In these days, 20 years of marriage definitely counts more than something.


----------



## Pensacola Tiger (Jan 3, 2014)

Happy Anniversary, Pierre! May the next twenty be even better!


----------



## Miles (Jan 3, 2014)

Congrats!


----------



## Lucretia (Jan 3, 2014)

Congratulations, Pierre! Best wishes for many, many more happy anniversaries!


----------



## Dream Burls (Jan 3, 2014)

Congratulations Pierre and all the best to you and the Mrs. My 20th is coming up next month.


----------



## NO ChoP! (Jan 3, 2014)

Congratulations, sir. 

I'm coming up on seventeen. It takes work, but hopefully we are better people for it.


----------



## sachem allison (Jan 3, 2014)

congratulations, brother bear!


----------



## Lefty (Jan 3, 2014)

Congrats, again, my friend!


----------



## Mrmnms (Jan 3, 2014)

Hope your wife had a chance to read your post, but I have a feeling she already knows. Congratulation to you both.


----------



## ecchef (Jan 3, 2014)

Congratulations! I'm at 25% of that.


----------



## Chef Andy (Jan 3, 2014)

Happy anniversary! Did you do anything special to celebrate the big two zero?


----------



## El Pescador (Jan 3, 2014)

Happy Days!


----------



## The Edge (Jan 3, 2014)

Congratulations!


----------



## stereo.pete (Jan 3, 2014)

Congrats Pierre!


----------



## DeepCSweede (Jan 3, 2014)

Congrats to the both of you - the big 20 - that is fantastic!!


----------



## don (Jan 4, 2014)

Congrats!


----------



## Dave Martell (Jan 4, 2014)

Congratulations Pierre!


----------



## MowgFace (Jan 4, 2014)

Congratulations Pierre! To many many more. Cheers


----------



## PierreRodrigue (Jan 4, 2014)

Chef Andy said:


> Happy anniversary! Did you do anything special to celebrate the big two zero?
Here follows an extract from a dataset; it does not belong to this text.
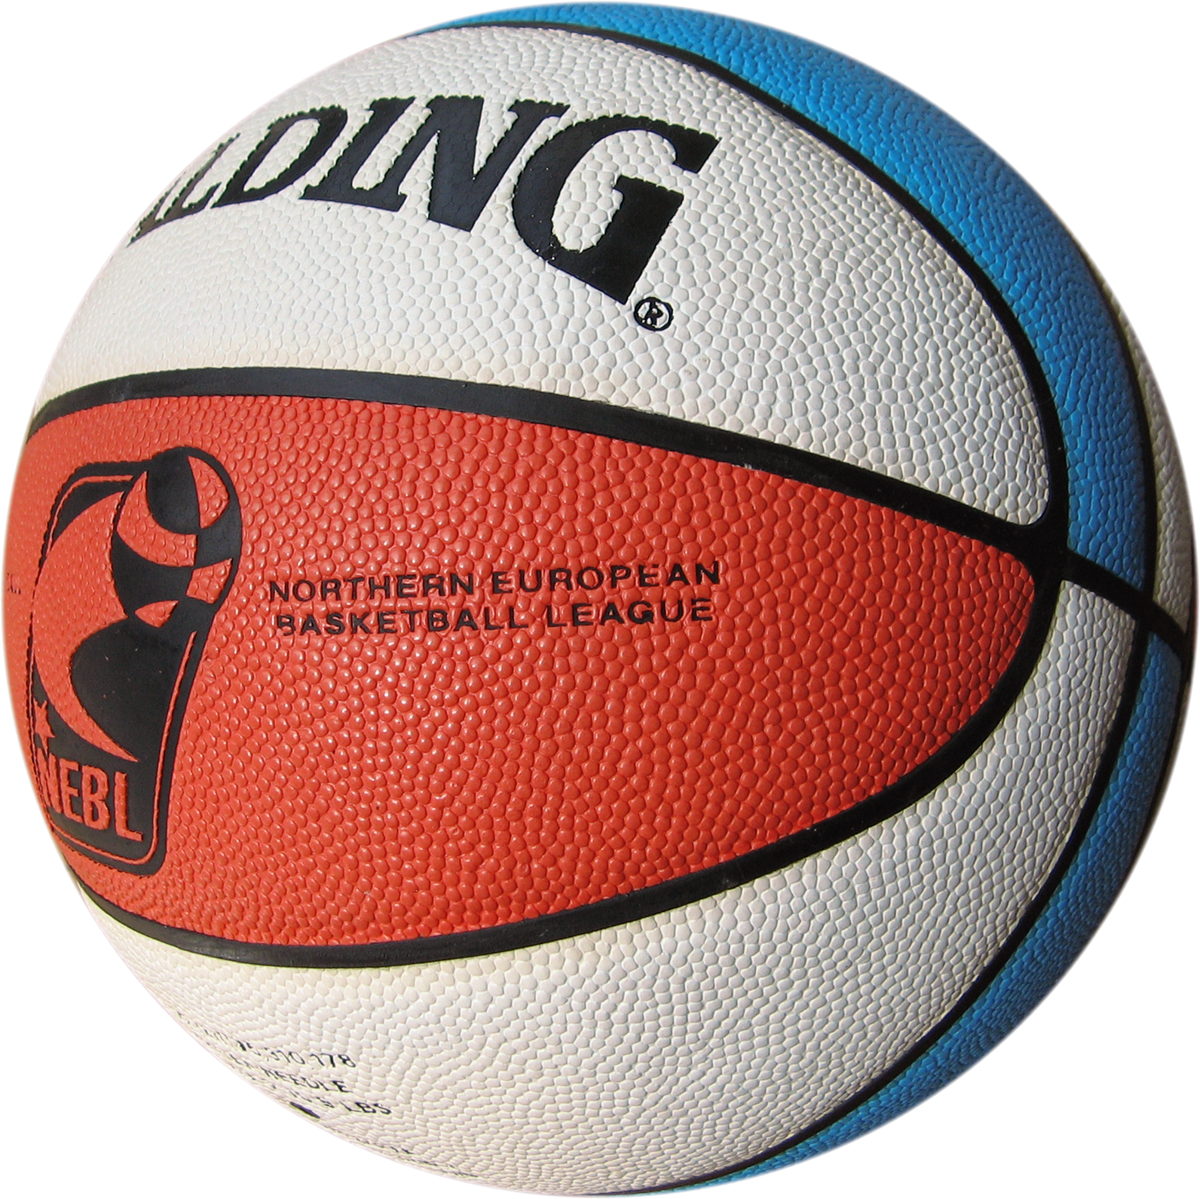 North European Basketball League - Wikipedia

Thanks guys, it is a milestone forsure!

Well, it was a low key evening, dinner at a nice restaurant, a show, and some time together. We take the simple things in life for granted sometimes, life itself is hectic, days/weeks/months pass it seems at a much faster rate then years ago. I am not that old, or wise, but if you can, take a few minutes a day to breath, and if you can, share it with someone special. It was a nice evening.


----------



## Chuckles (Jan 4, 2014)

Congrats! Sounds like a great night.


----------



## Keith Sinclair (Jan 5, 2014)

:thumbsup:Happy 20th,good to have a gal to share things with


----------